Cishou Temple was built in 1576 during the Ming Dynasty by decree of Empress Dowager Li, mother of Emperor Zhuyi. It was allegedly an imitation of the pagoda at Tianning Temple outside Guang'anmen, but it was built on a larger scale. The temple buildings were destroyed during the Qing Dynasty, but the pagoda remains.
It is octagonal, solid, over fifty meters tall with thirteen tiers of eaves. The brick base is in the form of a Sumeru pedestal and is decorated with relief sculptures of Buddha, flying apsarases, vajra guardians, archways, lotus petals and the Eight Treasures. The most impressive ornamental sculptures on the upper part of the Sumeru pedestal are the musical instruments, including sheng, xiao, qin, se, yunban, gongs, drums and flutes. The refined carving depicts the rich variety of musical instruments of the Ming Dynasty and is very valuable.

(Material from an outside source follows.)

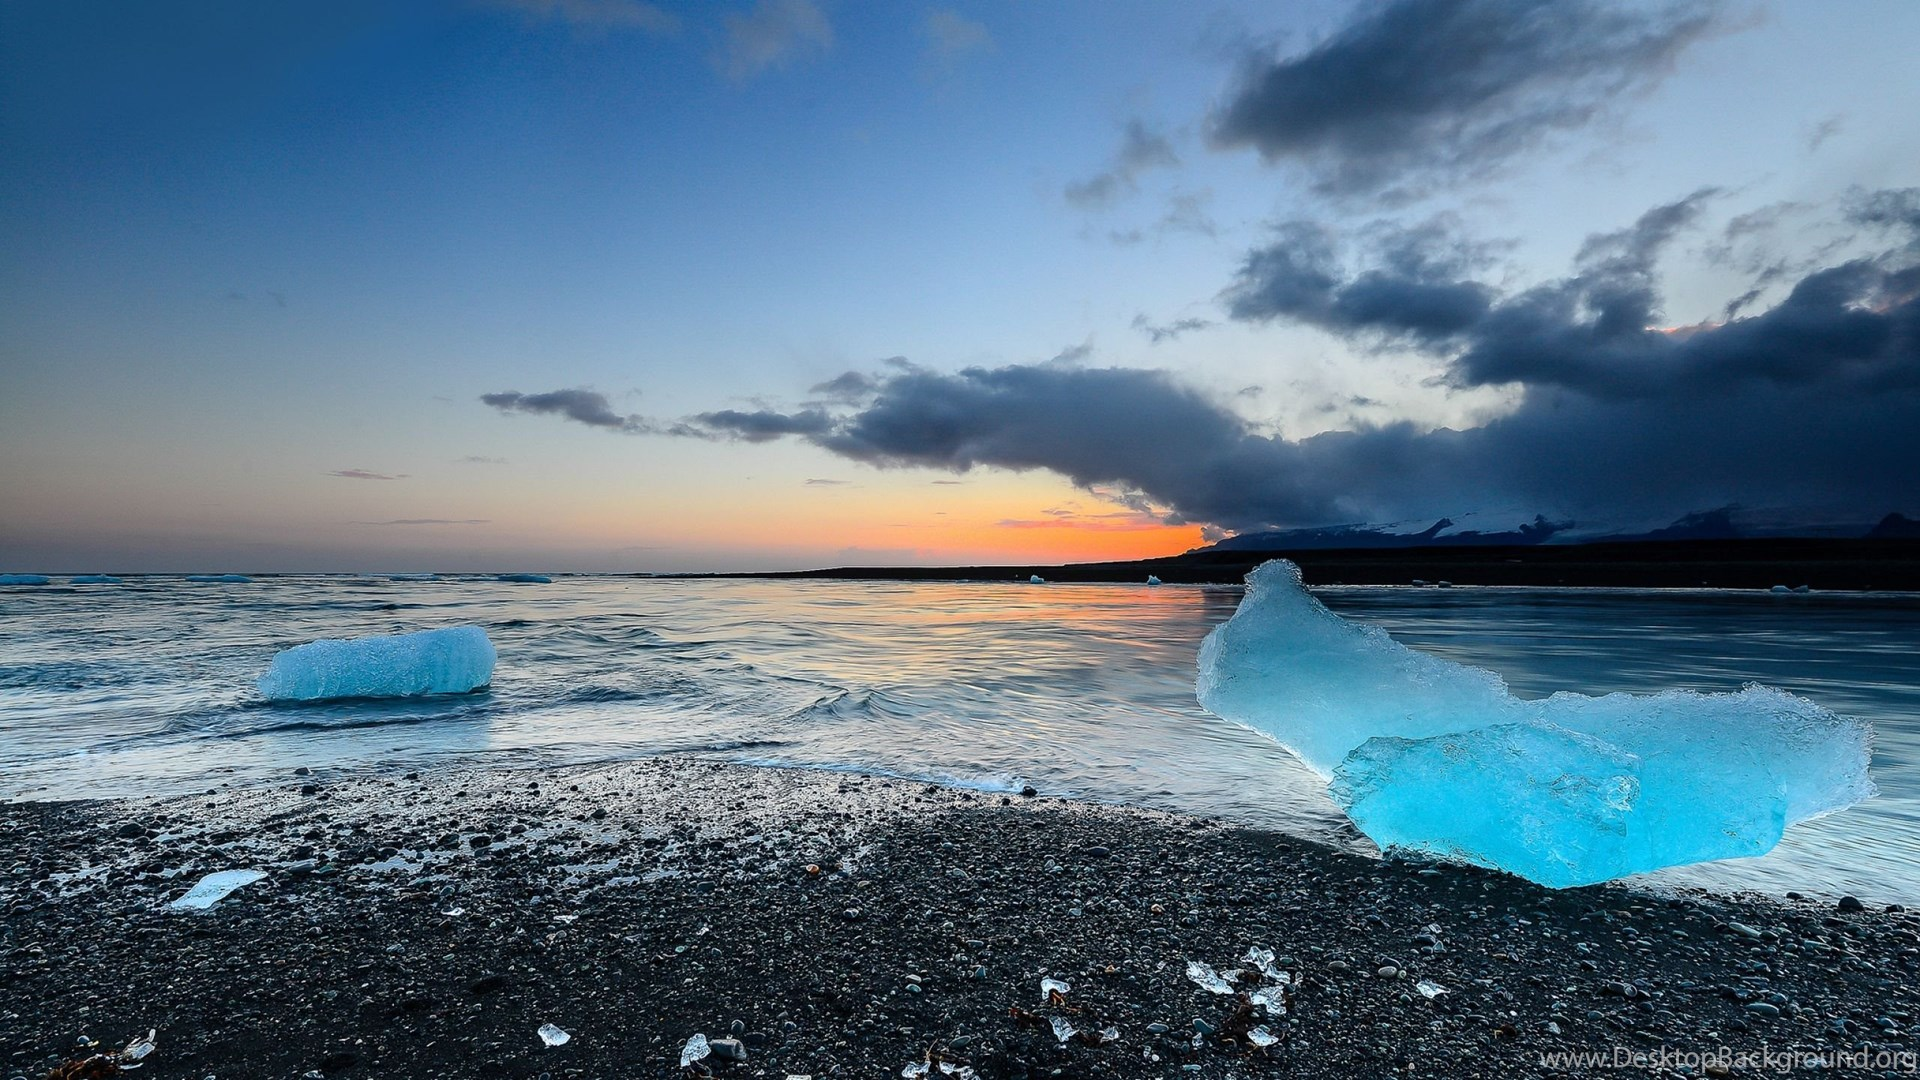 Mac imac 27 iceland wallpapers hd desktop backgrounds - Iceland iphone wallpaper ...

The first storey of the pagoda is majestic, typical of the multi-eaved style of the Liao and Kin dynasties. A false arch decorates the four sides facing the four directions; the other four sides have false windows. Carved on the headpiece of the arches are cloud and dragon patterns. Sculptures of vajra guardians, made of clay over wooden frames, flank the arches. The windows are decorated with little statues of seated Buddha and cloud patterns. Relief sculptures of bodhisattvas flank the windows. Eight brick columns decorated with dragon patterns stand at the corners of the pagoda. The name of the pagoda -- Yong'anwanshoo Pagoda -- is inscribed on the stone headpiece of the southern arch. Thirteen levels of eaves rise above the first storey. The steeple is supported by a pedestal with ornamental lotus petals and surmounted by a precious bead, resembling Tianning Temple Pagoda.